Clustering flows within a specific time interval

Wed Jan 18 01:39:42 EST 2012

Hi Carter,

I got the  argus client installed from argus-clients-3.0.5.29.tar.gz. And I can see the man page for the rasqltimeindex tool, but the tool itself doesn't seem to be with the rest of ra* tools in the bin directory, so I couldn't give it try.

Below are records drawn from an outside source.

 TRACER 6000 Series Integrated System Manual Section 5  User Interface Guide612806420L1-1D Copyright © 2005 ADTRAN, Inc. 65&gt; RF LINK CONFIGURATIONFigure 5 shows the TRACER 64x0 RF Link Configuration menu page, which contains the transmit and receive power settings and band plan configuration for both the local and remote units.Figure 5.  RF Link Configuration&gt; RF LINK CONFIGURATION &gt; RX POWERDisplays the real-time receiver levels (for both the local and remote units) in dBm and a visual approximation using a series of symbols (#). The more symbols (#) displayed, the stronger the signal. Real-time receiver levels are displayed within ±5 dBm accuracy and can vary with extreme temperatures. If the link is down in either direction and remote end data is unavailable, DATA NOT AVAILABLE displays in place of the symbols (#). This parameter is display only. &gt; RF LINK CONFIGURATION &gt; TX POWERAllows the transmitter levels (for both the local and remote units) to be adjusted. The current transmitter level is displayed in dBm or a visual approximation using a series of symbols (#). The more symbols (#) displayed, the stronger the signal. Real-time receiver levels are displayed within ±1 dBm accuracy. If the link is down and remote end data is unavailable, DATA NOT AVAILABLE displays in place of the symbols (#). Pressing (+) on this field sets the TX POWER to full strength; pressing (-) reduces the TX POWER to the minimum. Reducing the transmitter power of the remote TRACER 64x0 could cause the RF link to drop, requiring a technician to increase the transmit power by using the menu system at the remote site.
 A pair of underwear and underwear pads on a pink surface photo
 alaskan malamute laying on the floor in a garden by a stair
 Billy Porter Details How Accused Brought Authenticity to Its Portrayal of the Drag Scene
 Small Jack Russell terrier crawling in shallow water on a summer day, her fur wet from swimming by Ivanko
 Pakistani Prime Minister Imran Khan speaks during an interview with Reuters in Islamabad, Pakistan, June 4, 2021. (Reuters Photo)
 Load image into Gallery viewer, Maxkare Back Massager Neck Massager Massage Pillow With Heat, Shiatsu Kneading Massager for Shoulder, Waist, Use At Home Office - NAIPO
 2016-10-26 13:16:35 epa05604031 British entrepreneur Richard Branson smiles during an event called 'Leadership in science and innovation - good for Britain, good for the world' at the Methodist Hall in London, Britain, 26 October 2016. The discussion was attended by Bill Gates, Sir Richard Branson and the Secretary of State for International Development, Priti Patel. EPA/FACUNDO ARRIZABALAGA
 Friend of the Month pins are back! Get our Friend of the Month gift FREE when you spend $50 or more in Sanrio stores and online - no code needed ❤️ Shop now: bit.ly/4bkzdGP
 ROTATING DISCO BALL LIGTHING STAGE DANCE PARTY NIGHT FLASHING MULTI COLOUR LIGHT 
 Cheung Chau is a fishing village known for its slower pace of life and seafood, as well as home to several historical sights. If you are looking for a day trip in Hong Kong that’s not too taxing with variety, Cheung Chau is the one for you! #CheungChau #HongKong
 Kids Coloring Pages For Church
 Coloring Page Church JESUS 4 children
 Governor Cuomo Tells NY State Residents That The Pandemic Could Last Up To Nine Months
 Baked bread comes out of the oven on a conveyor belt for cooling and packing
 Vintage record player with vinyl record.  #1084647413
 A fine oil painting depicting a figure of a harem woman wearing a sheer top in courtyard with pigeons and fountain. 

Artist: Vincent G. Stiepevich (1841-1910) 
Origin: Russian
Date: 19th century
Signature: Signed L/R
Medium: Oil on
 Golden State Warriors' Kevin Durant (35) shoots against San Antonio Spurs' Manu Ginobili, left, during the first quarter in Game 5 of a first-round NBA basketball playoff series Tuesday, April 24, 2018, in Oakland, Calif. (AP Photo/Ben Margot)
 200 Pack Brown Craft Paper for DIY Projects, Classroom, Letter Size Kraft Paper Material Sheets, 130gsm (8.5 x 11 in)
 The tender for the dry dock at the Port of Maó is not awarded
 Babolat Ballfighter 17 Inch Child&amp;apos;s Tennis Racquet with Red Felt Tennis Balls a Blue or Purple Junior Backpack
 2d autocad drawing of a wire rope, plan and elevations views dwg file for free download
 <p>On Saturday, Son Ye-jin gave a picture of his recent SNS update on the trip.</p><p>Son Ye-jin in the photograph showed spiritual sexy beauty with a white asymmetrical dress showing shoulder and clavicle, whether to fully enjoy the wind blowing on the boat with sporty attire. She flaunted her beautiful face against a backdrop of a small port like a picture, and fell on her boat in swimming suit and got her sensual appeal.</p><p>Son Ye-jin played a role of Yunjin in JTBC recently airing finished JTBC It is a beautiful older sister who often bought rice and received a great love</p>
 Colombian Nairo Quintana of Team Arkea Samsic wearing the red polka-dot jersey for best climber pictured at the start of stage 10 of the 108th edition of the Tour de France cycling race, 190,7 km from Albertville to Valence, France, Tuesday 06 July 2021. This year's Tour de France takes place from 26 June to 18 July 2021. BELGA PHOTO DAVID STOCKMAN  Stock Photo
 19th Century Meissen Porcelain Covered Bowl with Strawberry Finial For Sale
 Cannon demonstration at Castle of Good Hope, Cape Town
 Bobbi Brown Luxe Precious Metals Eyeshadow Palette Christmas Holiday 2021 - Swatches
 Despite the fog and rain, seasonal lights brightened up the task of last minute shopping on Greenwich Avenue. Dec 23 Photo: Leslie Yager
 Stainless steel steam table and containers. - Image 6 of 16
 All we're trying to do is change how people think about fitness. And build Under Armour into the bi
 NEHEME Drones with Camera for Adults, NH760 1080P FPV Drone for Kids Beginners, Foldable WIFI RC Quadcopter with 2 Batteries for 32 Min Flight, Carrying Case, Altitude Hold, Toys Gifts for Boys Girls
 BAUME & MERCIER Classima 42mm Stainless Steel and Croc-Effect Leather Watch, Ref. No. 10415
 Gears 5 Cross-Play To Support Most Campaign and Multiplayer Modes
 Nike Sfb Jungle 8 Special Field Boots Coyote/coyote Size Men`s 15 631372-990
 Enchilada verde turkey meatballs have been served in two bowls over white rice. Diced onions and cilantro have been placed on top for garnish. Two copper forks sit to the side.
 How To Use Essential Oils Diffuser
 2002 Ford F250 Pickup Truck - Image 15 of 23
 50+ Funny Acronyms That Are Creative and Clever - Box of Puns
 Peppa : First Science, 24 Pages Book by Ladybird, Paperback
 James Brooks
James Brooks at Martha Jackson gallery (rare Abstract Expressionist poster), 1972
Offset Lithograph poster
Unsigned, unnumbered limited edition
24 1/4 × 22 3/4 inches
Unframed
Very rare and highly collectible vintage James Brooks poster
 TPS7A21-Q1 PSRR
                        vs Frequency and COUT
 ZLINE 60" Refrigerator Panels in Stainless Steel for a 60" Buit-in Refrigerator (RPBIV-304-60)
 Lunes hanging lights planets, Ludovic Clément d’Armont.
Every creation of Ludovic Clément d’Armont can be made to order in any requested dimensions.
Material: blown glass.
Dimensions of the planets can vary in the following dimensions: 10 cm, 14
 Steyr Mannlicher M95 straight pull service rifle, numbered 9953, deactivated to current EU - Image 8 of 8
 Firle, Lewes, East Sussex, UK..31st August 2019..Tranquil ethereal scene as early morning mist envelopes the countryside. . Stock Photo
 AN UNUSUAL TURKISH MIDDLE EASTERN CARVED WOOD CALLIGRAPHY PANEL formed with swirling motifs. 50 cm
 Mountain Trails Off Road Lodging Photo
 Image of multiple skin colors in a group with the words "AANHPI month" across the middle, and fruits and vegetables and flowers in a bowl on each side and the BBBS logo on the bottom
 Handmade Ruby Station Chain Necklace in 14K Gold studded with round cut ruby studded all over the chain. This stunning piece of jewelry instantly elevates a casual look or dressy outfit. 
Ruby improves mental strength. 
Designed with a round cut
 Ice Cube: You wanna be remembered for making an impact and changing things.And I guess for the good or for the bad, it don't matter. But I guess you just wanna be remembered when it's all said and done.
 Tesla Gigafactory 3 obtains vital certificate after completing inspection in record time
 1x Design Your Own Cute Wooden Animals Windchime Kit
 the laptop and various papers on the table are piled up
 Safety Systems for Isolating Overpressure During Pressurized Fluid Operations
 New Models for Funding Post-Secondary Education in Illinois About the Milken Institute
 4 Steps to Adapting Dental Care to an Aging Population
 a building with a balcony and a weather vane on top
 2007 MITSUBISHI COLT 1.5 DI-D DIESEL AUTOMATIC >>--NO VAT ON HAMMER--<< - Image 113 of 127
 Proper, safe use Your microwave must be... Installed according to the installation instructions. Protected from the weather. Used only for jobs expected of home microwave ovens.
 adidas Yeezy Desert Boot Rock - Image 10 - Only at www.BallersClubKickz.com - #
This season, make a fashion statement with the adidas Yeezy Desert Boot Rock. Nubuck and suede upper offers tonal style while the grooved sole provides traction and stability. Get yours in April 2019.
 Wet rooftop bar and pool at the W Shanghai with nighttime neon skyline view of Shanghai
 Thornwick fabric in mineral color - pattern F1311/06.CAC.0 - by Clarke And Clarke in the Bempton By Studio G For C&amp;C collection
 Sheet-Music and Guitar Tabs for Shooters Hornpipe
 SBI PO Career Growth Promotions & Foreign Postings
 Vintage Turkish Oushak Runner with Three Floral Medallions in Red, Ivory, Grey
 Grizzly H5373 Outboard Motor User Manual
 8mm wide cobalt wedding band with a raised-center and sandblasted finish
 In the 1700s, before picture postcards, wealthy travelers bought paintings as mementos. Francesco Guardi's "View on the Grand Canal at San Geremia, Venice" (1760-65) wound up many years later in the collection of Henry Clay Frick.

Maybe the make files need to be updated.

Thanks,
-Manaf

________________________________
 From: Carter Bullard <carter at qosient.com>
To: manaf gharaibeh <manafhgh at yahoo.com> 
Cc: "argus-info at lists.andrew.cmu.edu" <argus-info at lists.andrew.cmu.edu> 
Sent: Wednesday, January 11, 2012 2:40 PM
Subject: Re: [ARGUS] Clustering flows within a specific time interval

Hey Manaf,
I uploaded argus-clients-3.0.5.29.tar.gz into the developers site.
It has a rasqltimeindex.1 man page, and I fixed a few things with the code, so
its now ready to go.  It does have a mysql requirement, so if you could try it
out and tell me if its working, that would be great.  This is what you would do
for a given file:

   rasqltimeindex -r file -w mysql://user@localhost/db

where user is the mysql account, I use 'root', and db is the database name
you will use to hold the tables.  Then you use rasql() to make the queries:

   rasql -r mysql://user@localhost/db -t timeFilter

if you want to cluster that data, you will pipe the rasql output to racluster:

   rasql -r mysql://user@localhost/db -t timeFilter-timeFilter -w - | racluster ……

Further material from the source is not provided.